BELL CANADA’S PRESIDENT and CEO Mirko Bibic (above) posted an explanation of how Bell configures its networks on LinkedIn late Monday night.
The post followed the appearance of Rogers Communications executives at the House of Commons standing committee on industry and technology earlier in the day, during which they explained the cause of Rogers’ nationwide network outage on July 8.
“As more details emerge regarding the root cause of Rogers’ network outage, it’s important for us to outline to Canadians how Bell’s networks are configured differently,” Bibic wrote in his post.
“Bell’s wireless and wireline networks use different network infrastructures so that a major disruption on the wireline network does not take down the national wireless network. By separating our wireless and wireline networks and protecting our core from the Internet, our design enables a high level of network stability,” Bibic explained.
(Rogers CEO Tony Staffieri said yesterday during his testimony before the House of Commons committee, as well as in a letter published Sunday on Rogers’ website, that the telecom plans to physically separate its wireless and Internet networks to create an “always on” network, and thereby “set a higher standard” for network reliability.)
Bibic went on to explain in his LinkedIn post Bell’s national transport network is segmented into multiple geographic zones, which are each connected by at least three separate transport routes.
“This means that if one transport route fails, traffic is automatically routed to one of the other two routes and again to the third in the very unlikely event of a double failure,” he wrote.

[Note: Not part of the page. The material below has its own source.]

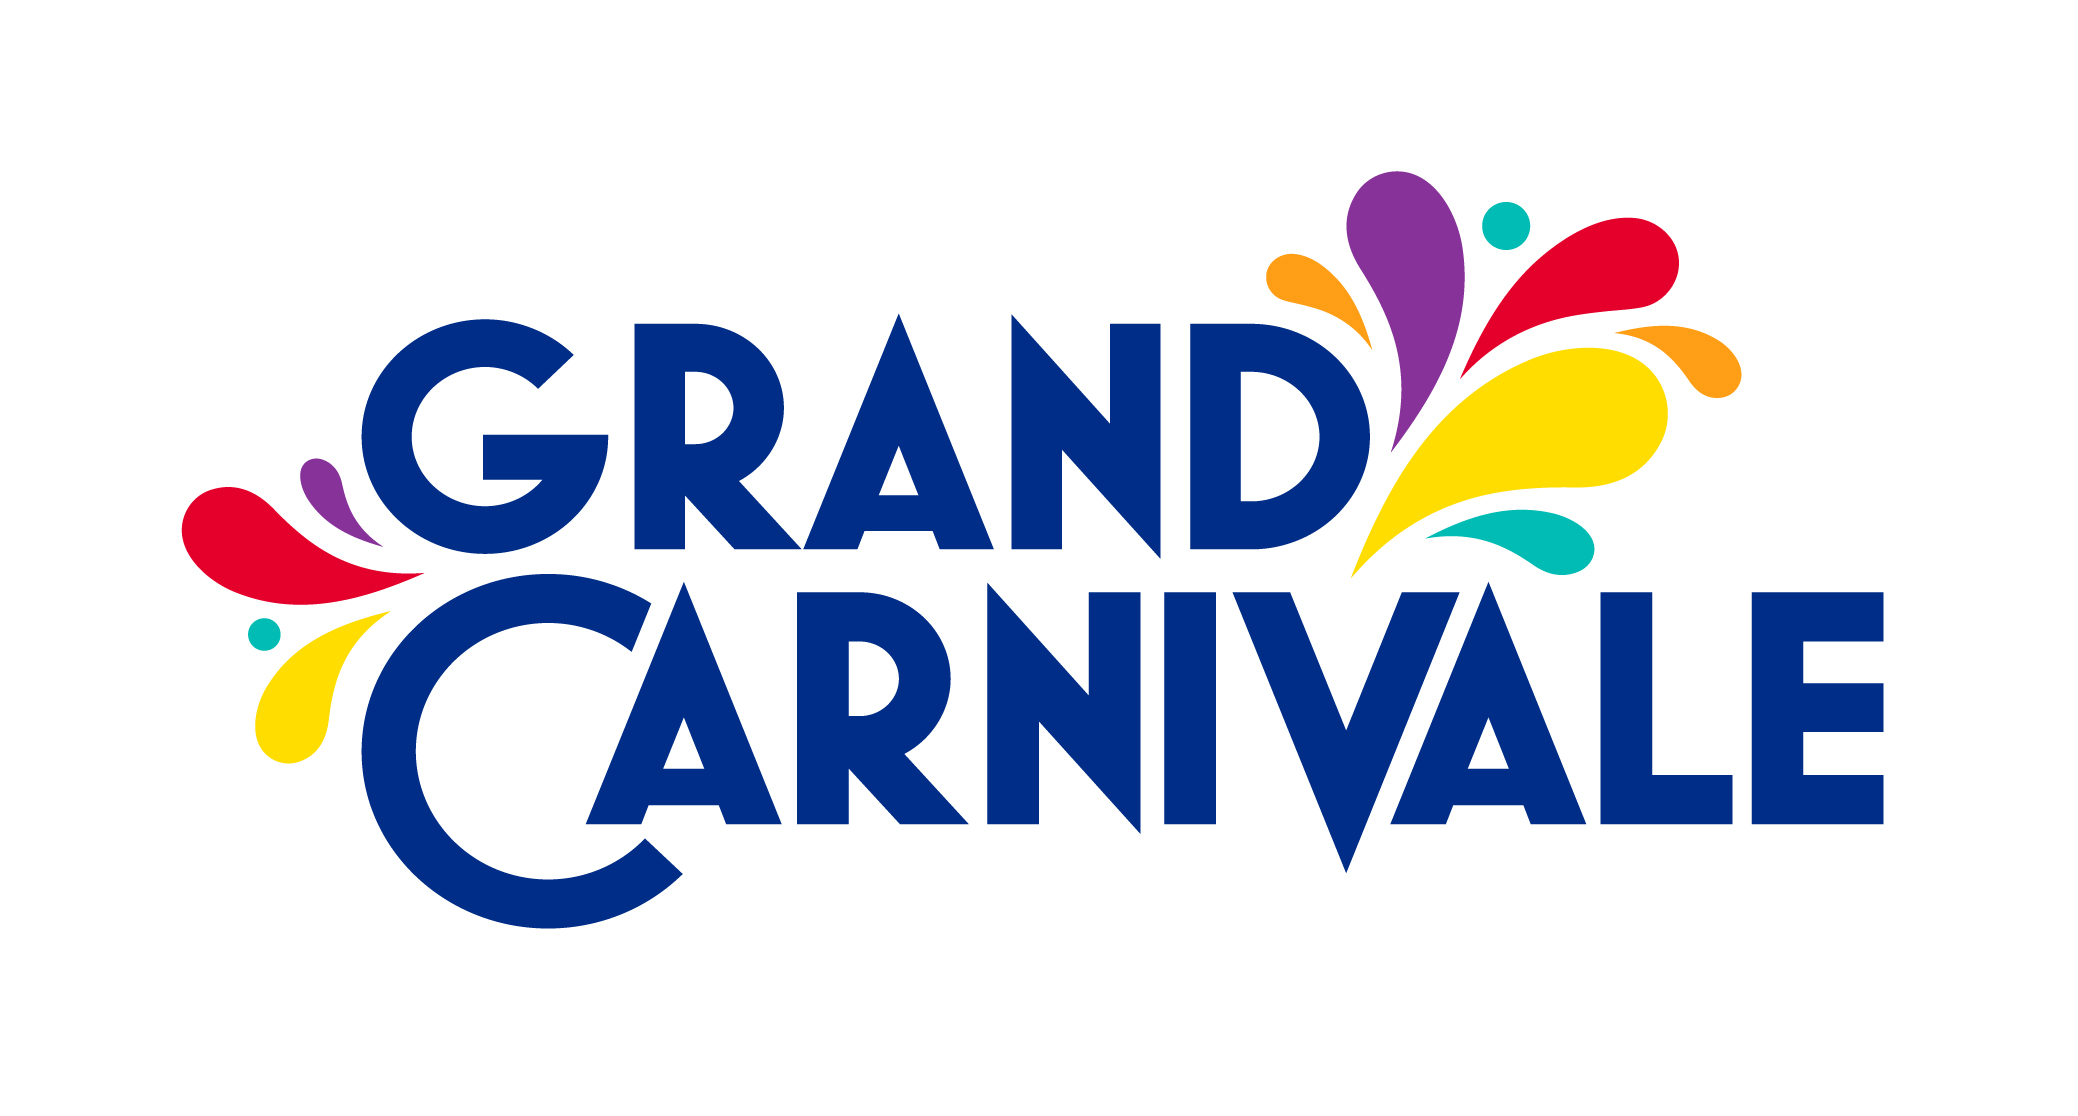 Grand Carnivale brings an all-new high spirited parade and nightly street party with live entertainment and authentic foods from around the world -  coming to select Cedar Fair parks for limited times this summer.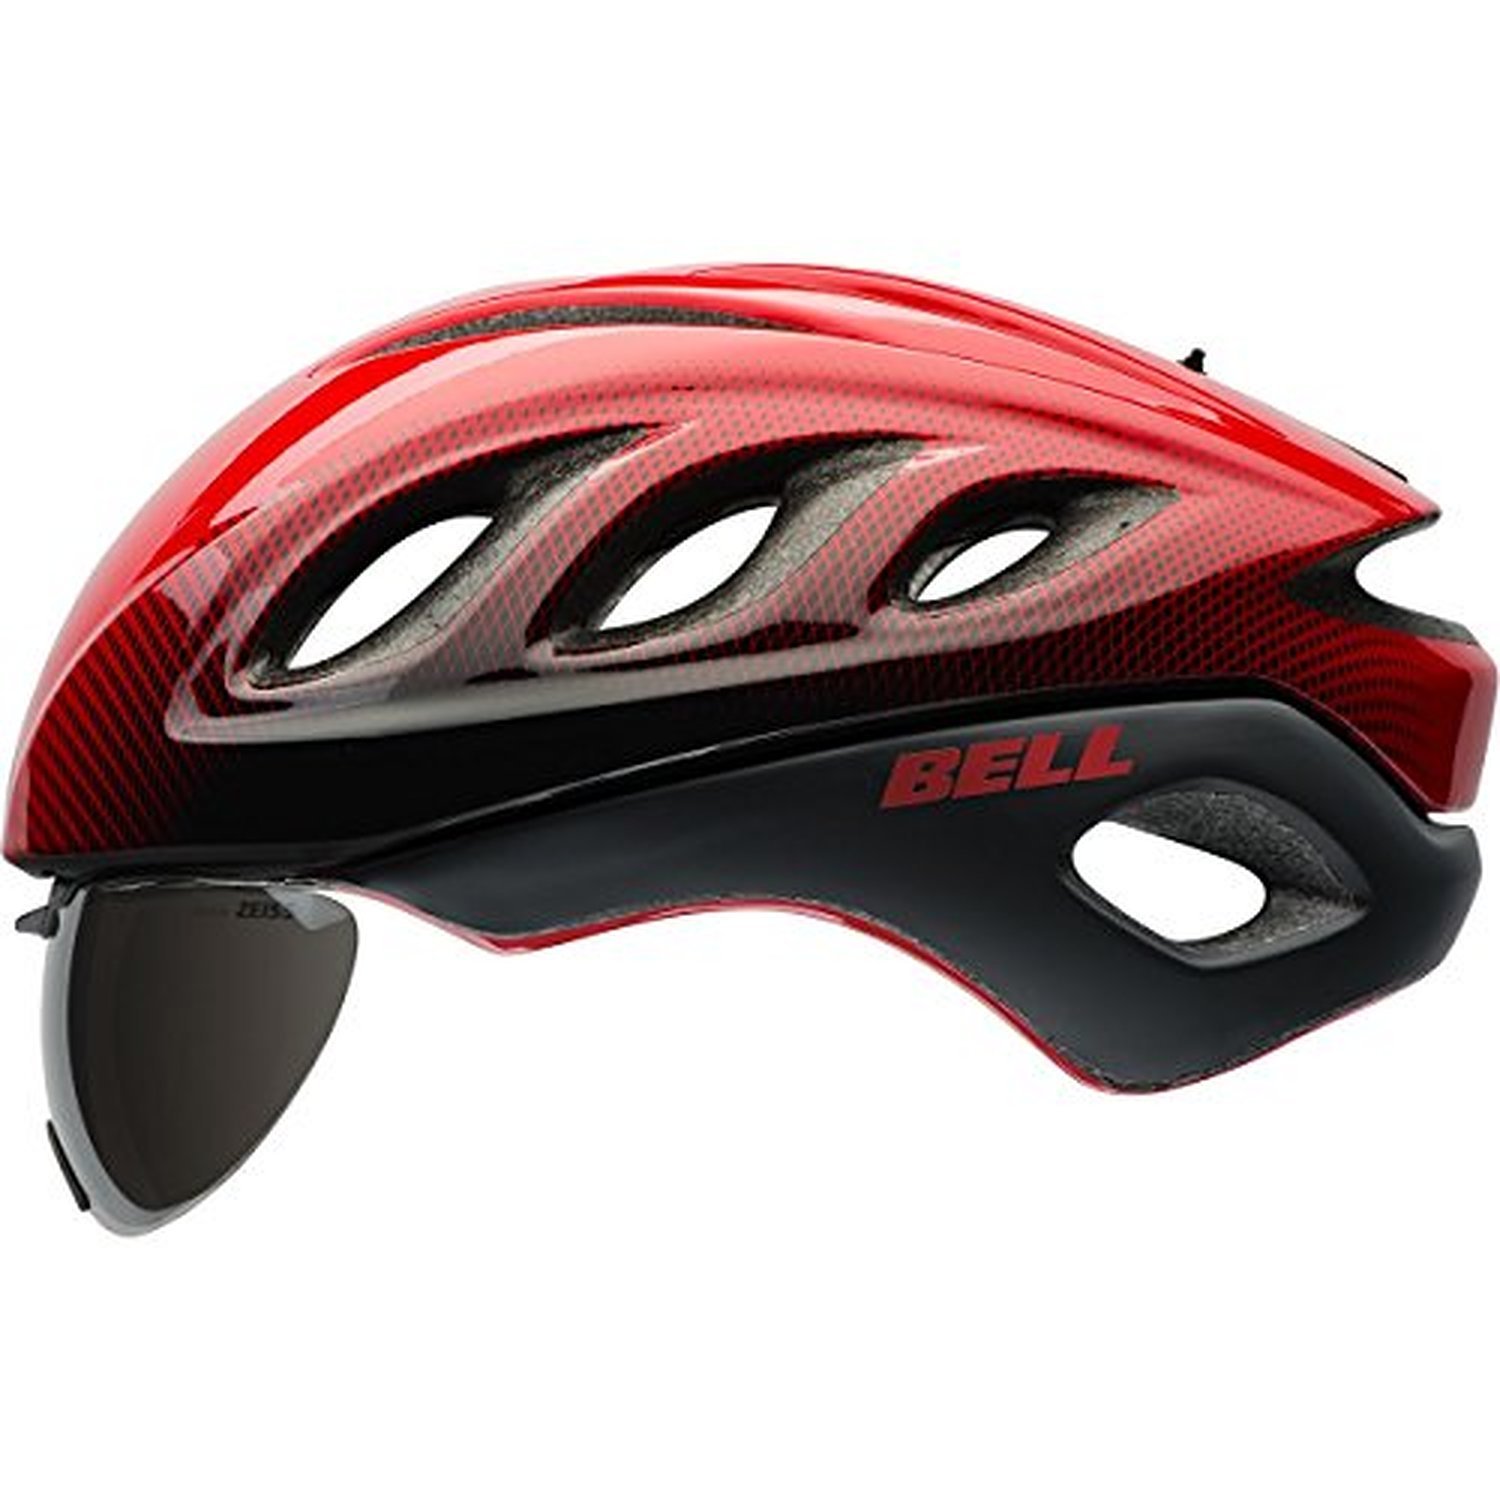 Bell Star Pro Race Helmet with Tinted Eye Shield 2016 Small

“Finally, we use a highly survivable routing information exchange architecture, which separates routing control traffic away from the actual customer traffic. This design is intended to prevent Internet traffic instability from overloading our core network, and therefore avoiding a full network outage.”
Acknowledging “no network is perfect or immune from outages,” Bibic said “network architecture does make a difference.”
Bell has made continual investments in its network to keep Canadians connected, he added.
“In early 2020, we initiated a historic capital expenditure initiative in our fibre-to-the-home, 5G wireless and core networks to increase quality, coverage, capacity and resiliency, as well as ongoing expansion into rural and remote communities. By the end of this year, Bell will have invested approximately $14 billion in capital expenditures since 2020 (including planned capital expenditures of approx. $5 billion in 2022 alone),” Bibic said.